The glories of the gut? Ask a fat mouse!

So Friday was all about things we should care about…Dr. Rob Knight enlightens on the awesomeness of microbial ecology and microbiome studies and Evan (which will be posted later) regales us with tales of human genomics and structural variation in an effort to convince us the Human is still a pretty nifty animal to study!

But first…Rob

Dr. Rob Knight
University of Colorado, Boulder

Topic: Microbial Ecology and Metagenomics

 “It is important to remember our world is a microbial world.”

Why you should care about microbial community ecology in the context of bioinformatics?

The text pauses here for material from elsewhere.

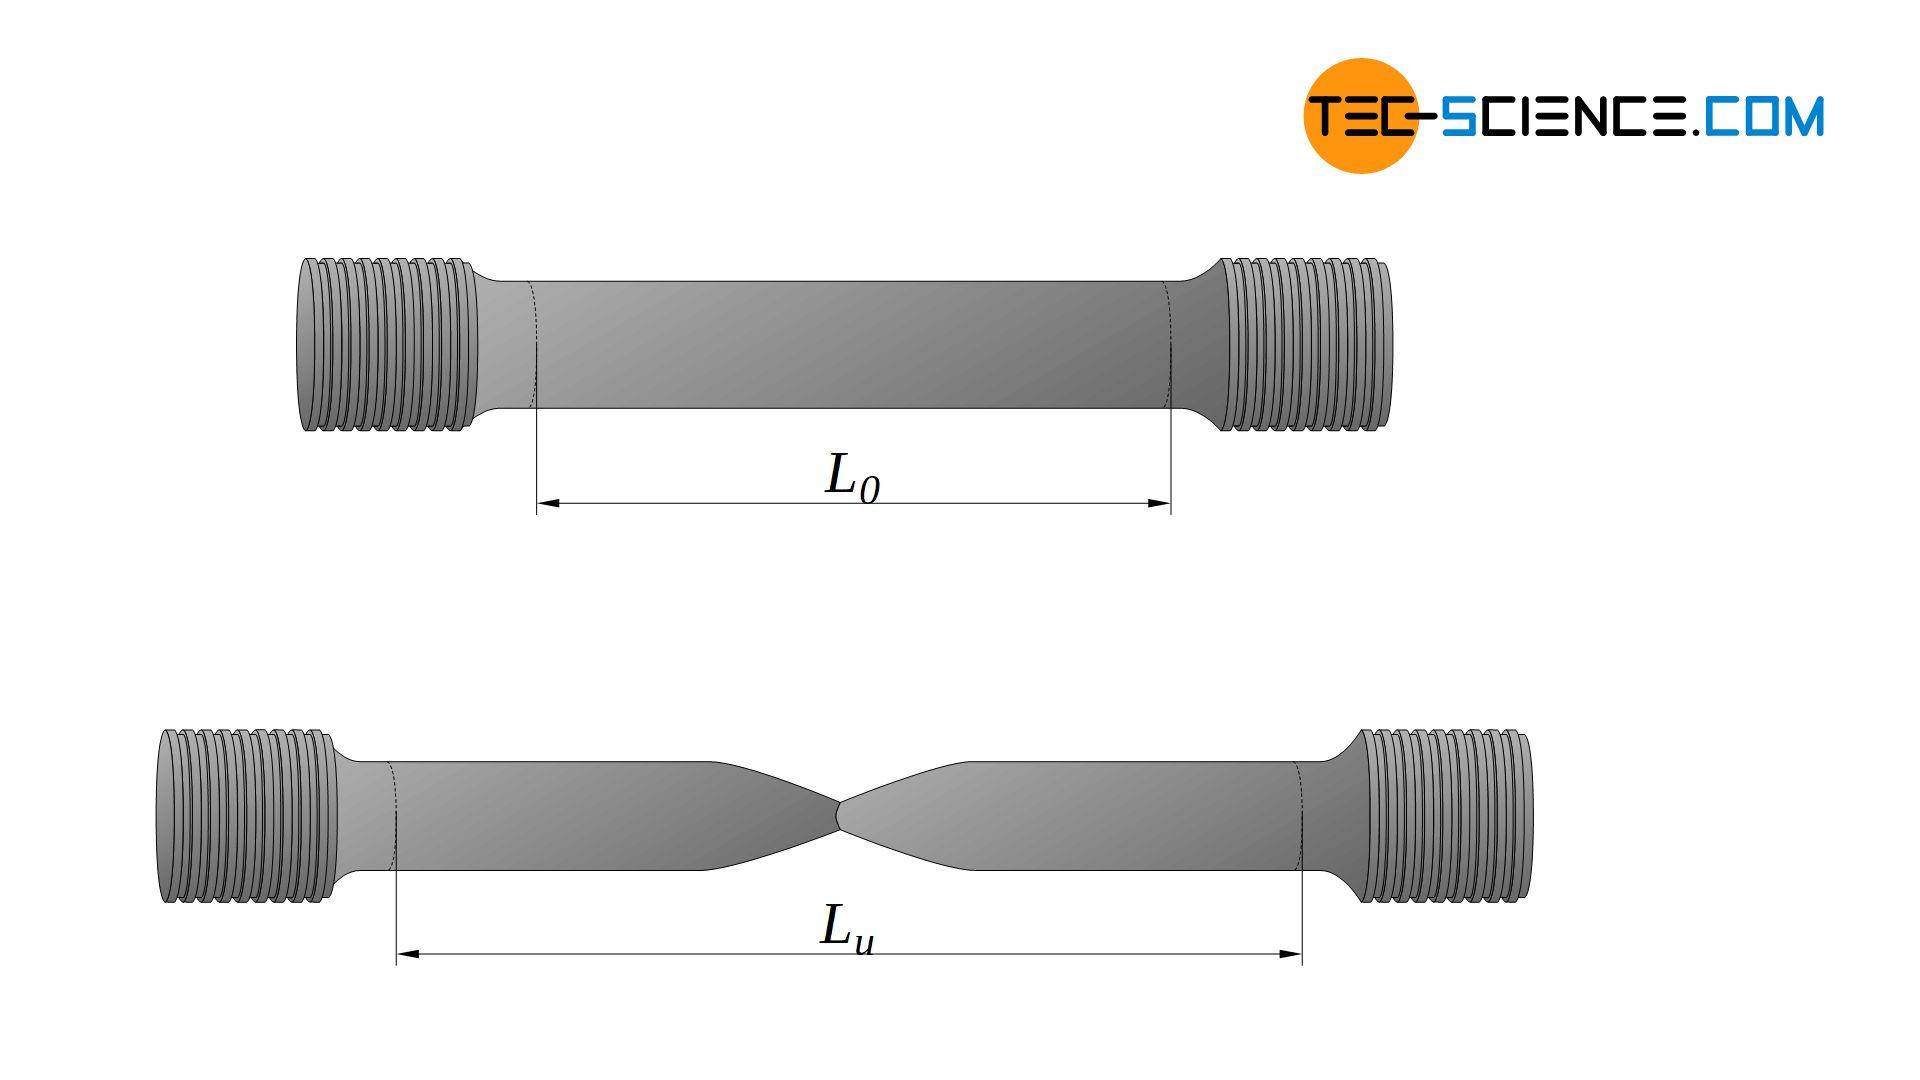 Determination of the fracture strain (elongation at break)

  • Most molecular diversity can be found in microbes
  • 99+% cannot be cultured, we only know then from sequences
  • rRNA is an excellent/uniquely good genetic marker
  • rRNA is found in all species
  • Fast/slow evolving regions
  • We have large preexisting databases which are good for designing universal PCR primers (from conserved regions) The Greengenes database is a really good reference for 16S rRNA.
  • Microbes are ubiquitous and provide key ecosystem services: air quality, water quality, natural ecosystem balance.

So the obsession of the microbiome has dated as far back (or further) to the 1600’s. Van Leeuwenhoek made the observations that…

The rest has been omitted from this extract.